Translated at the quantum level for individual photon interactions, the probability of a low energy photon ( remember frequency is inversely proportional to wavelength, so a long wavelength means small frequency) to interact with a particle is very small, and will not be measurable, no accumulation as in the plot above. The shorter the wavelength the higher the energy of the photon, and then the plot can happen. The photons interact with the particles building up the walls of the slits.

So you are mixing up in your drawing the quantum ( what you draw as an electron particle is also a quantum mechanical point particle if you look at the table), and the classical electromagnetic radiation. the impinging light is a classical representation and is composed of at least hundred of thousand photons ( as seen the double slit experiment above).
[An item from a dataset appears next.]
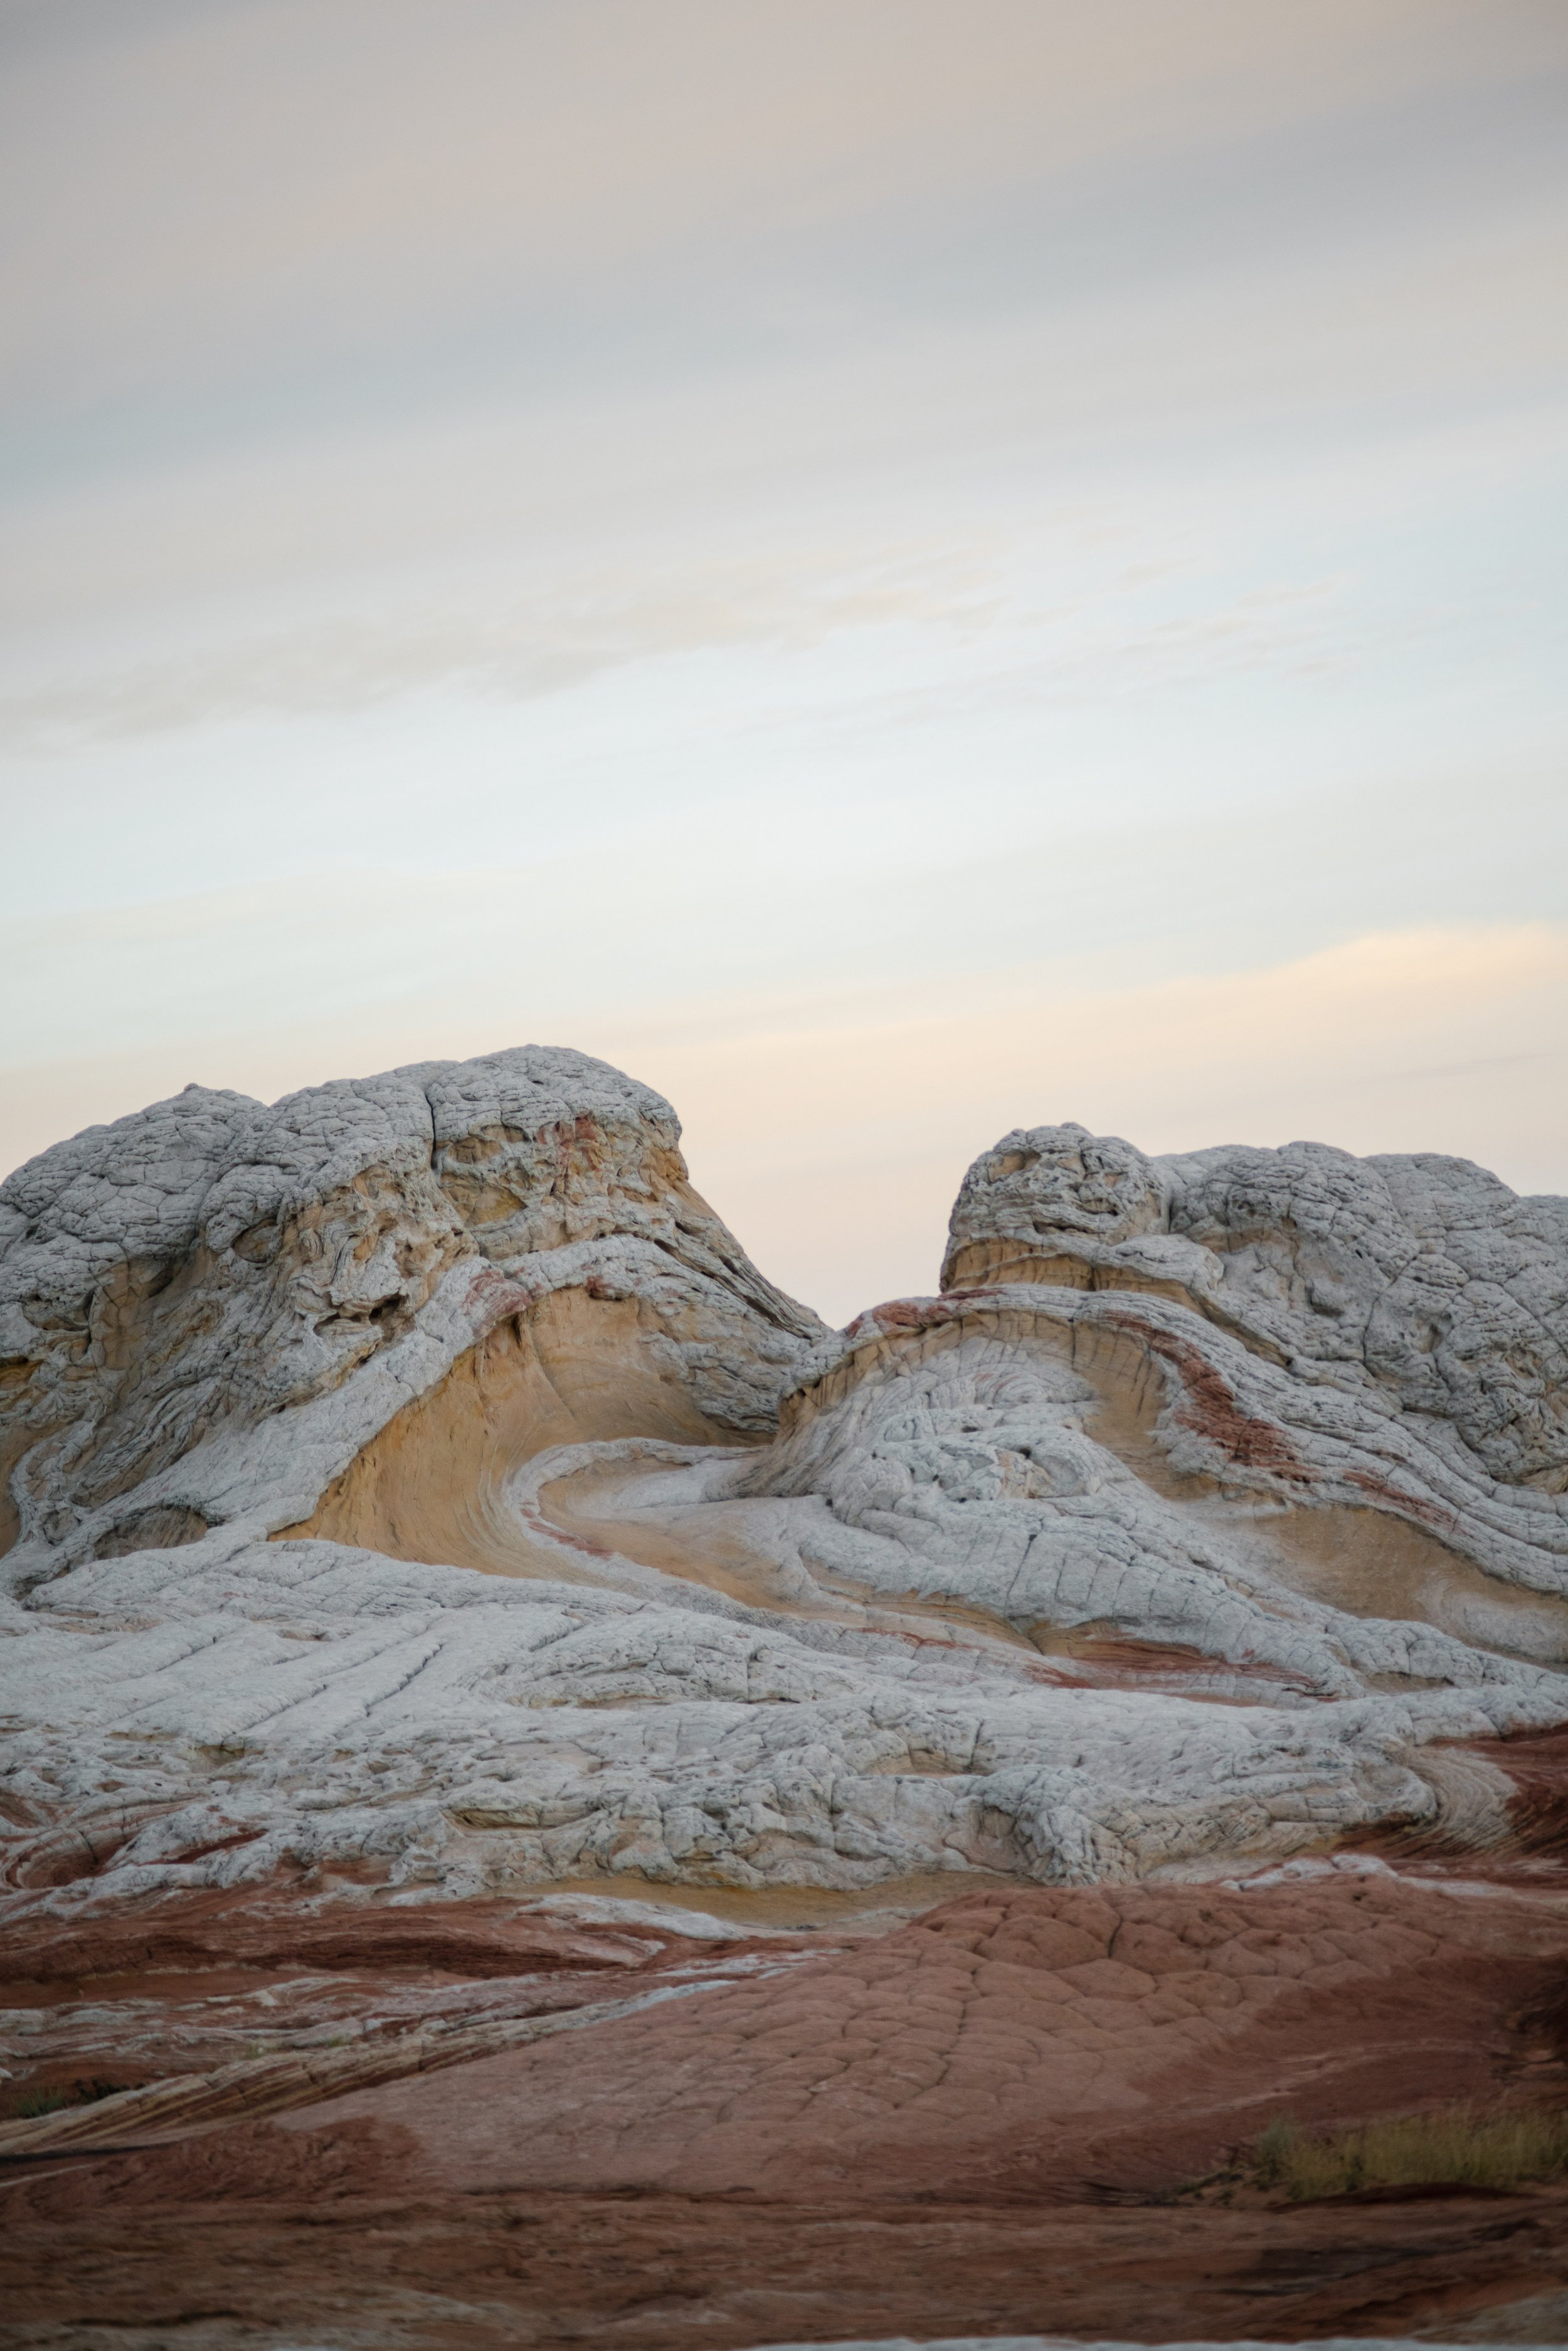  White Pocket Arizona at Sunrise by Evan Anderson

If one wants to talk of particles and photons one has to stick to the quantum picture, of photon interacting with electron.

You ask in a comment,

Could you please tell the reason behind,as you said,that low energy photons have a lower chance of interacting?

That is the way the mathematical functions that fit the quantum scattering electron-photon come out, and the theory fits the data very well.

If you know the Heisenberg uncertainty principle, the higher the momentum of two interacting particles the smaller the localization in space. High energy is connected with large momentum, so a high energy photon hitting an electron has a probability of finding it in a smaller volume.

These concepts need the serious study of quantum mechanics.